Thursday, January 7, 2010

That's the Name of the Game!

As I scan the website of my favorite meat purveyor, I see a bounty of untapped kitchen resources. Elk, venison, caribou, wild boar, turtle, goose, duck, squab, my heart skips a beat when I read these names on a butchers case or on a menu. Some of there richest, most dynamic flavors are found in wild game. While traveling the country for my last non-restaurant job, I got to experience many of these flavors personally. Antelope in Wyoming, Peccary in Arizona, Wild Buffalo in Montana, Elk in Idaho, Rattlesnake in Nebraska, Wild Boar in Tehachapi, CA, I will carry these flavors, textures, and smells with me forever.

Wild meat tastes of the habitat that it comes from. Venison from the desert will taste of sage, salt, and juniper. Bear (an omnivore) tastes of the last thing it ate, every time, you want bear that has fed on berries, not fish. Good bear is better than the best pork or beef that you've ever eaten, bad bear tastes like ammoniated diesel fuel. Elk from the forests and meadows of Oregon's Coast Range, is possibly the worlds best meat. Better than pastured beef, richer than lamb or pork, leaner and healthier for you than chicken, it is absolutely one of the best foods you can eat, from the standpoints of health and taste. Wild meat is just that....wild.

Most of you that read this know that I'm always an advocate of eating seasonally. Game is definitely the most seasonal of foods, and Fall and Winter are the times that it should be eaten. Find someone that you know that hunts, and enjoy these few recipes.


Elk Loin Medallions with strawberry-chili sauce:

2 pounds of Elk Backstrap, cut across the grain, 3/4 inch thick
3 cloves of garlic, chopped
2 medium shallots, chopped
1/2 cup of strawberry preserves
2 thai chilies, chopped fine
1/2 cup red wine
olive oil

In a cast iron pan, Sear the elk medallion until rare/medium rare. Next, saute the shallots, chilies, and garlic in the oil. Add the red wine and strawberry jam. Reduce this mix by 25 percent. Add the cooked elk back to the sauce and warm through. Season with salt and pepper, and serve with roasted potatoes and sour cream.


Stuffed Venison Loin with Asparagus and Morel Demiglace

Morel Demi:
Three pounds of venison bones
1 onion
3 stalks celery
1 carrot
4 cloves garlic
4 oz dry morel mushrooms

Brown the bones at 450 for one hour. Add the bones to a large stockpot with the all the remaining ingredients except for the morel mushrooms. Cover with water. Simmer over low heat for 10 hours. Strain the stock and reduce by 3/4. The flavor should be very intense at this point. Set aside.

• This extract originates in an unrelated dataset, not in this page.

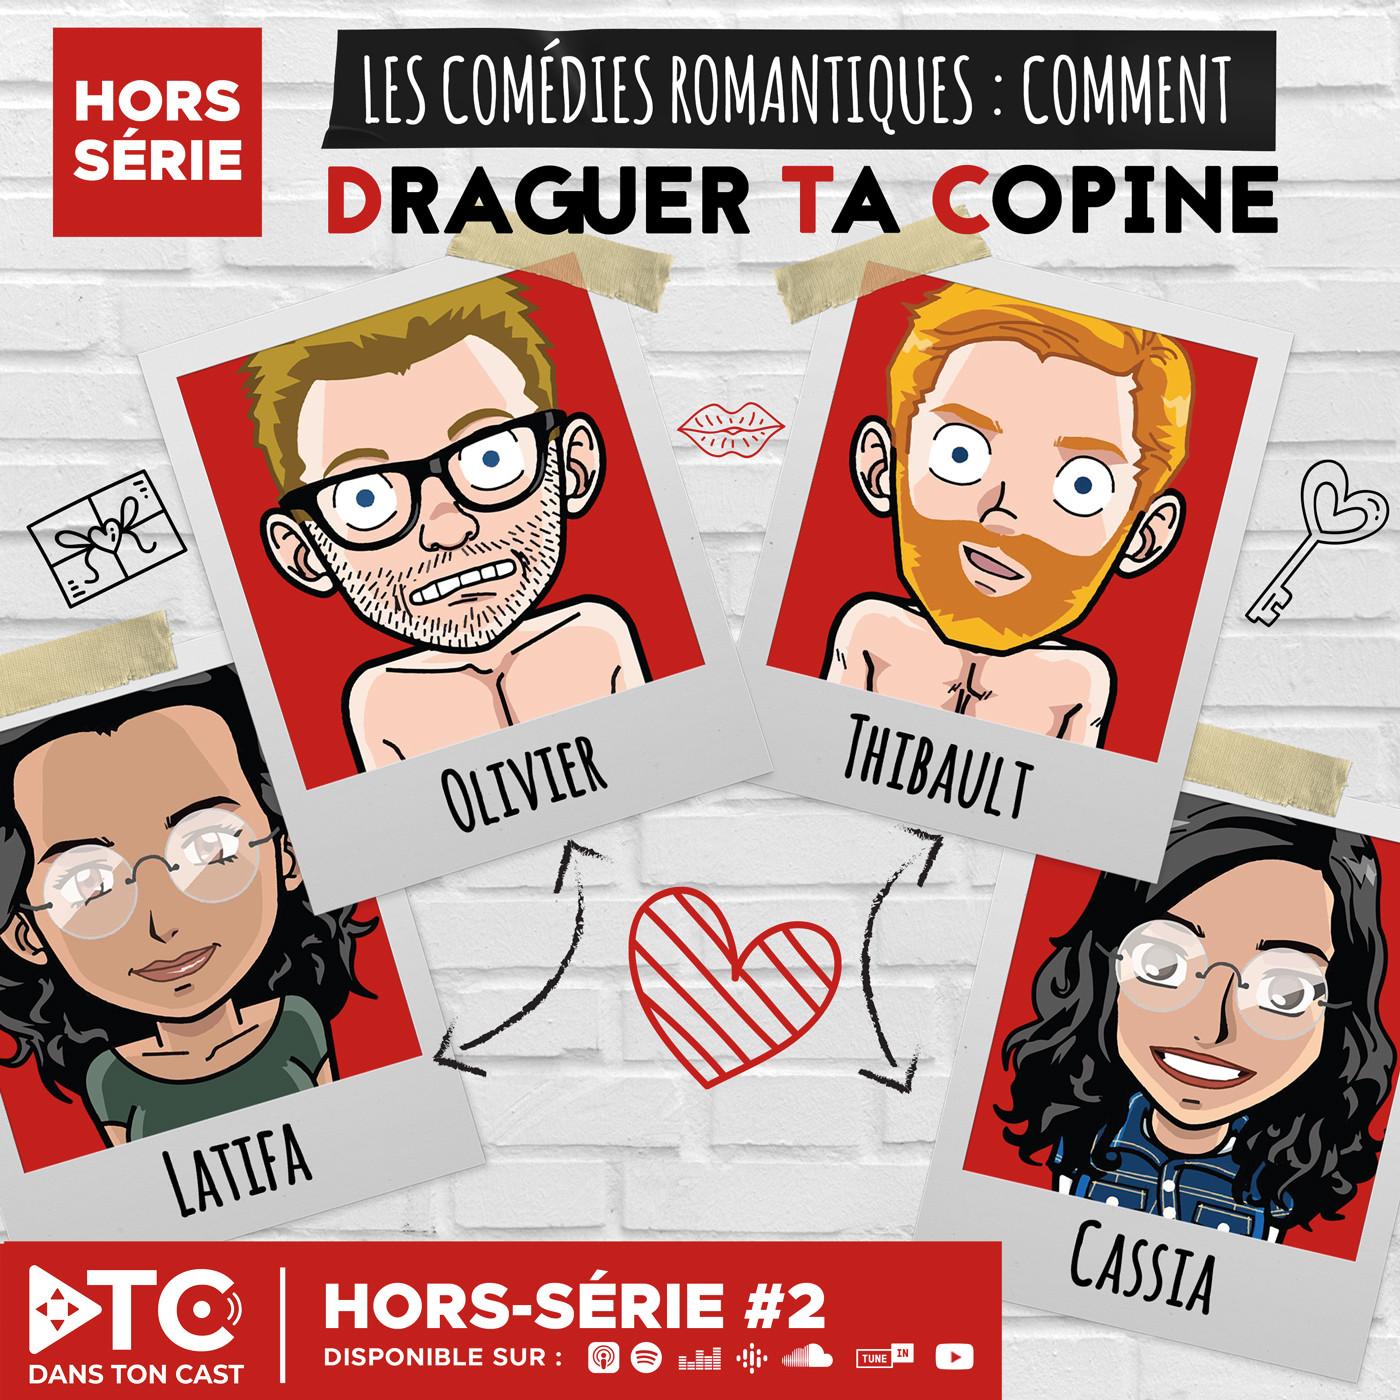 S1E6 - Hors-Série n°2 - Les Comédies Romantiques

Venison Loin with Asparagus:

1 three pound Venison Loin
2 pounds of cleaned asparagus
10 strips of bacon

Make a cut in the side of the loin, proceeding nearly 3/4 of the way through. Lay two slices of bacon on the inside of the cut, and pack the rest of the cavity with the cleaned asparagus. Insert toothpicks to close the incision. Wrap the exterior of the loin with the bacon. Roast in a deep pan at 400 degrees for 35-40 minutes, or until the internal temperature is 140.

To finish:

Take your dried morels and rehydrate them for 15 minutes in warm red wine. Add these to your roasting pan. Add 2 cups of your venison demiglace to the morel/wine mix, and reduce by an additional 15 percent. Finish with 3 tbsps of butter, salt and pepper.

Remove the toothpicks from your roast, and slice into one inch segments. Ladle a little of the sauce over each portion, and you're done. Serve with Garlic-mashed potatoes.


Duck Florentine Salad

2 wild duck breasts
1 bag of washed spinach
1/2 dozen thin-sliced strawberries
1/2 cup walnuts and walnut oil
1 cup Basil leaves
Port wine
Sliced green onions
Salt and pepper

Season both breasts with salt and pepper, sear in a non-stick pan, and cook until medium. Slice thinly. In a separate pan, mix the walnuts, walnut oil, port, and green onions. Season with salt and pepper. Mix the spinach and torn basil leaves with the warm dressing, and separate into 4 servings. Top each salad with 1/2 a sliced duck breasts and sliced strawberries. Argyle Blanc De Noir is a brilliant pairing for this salad.


I hope you give Game an honest try. It can and should be a major part of living sustainably. It's use really does help keep our wild lands in balance. Bon Appetit!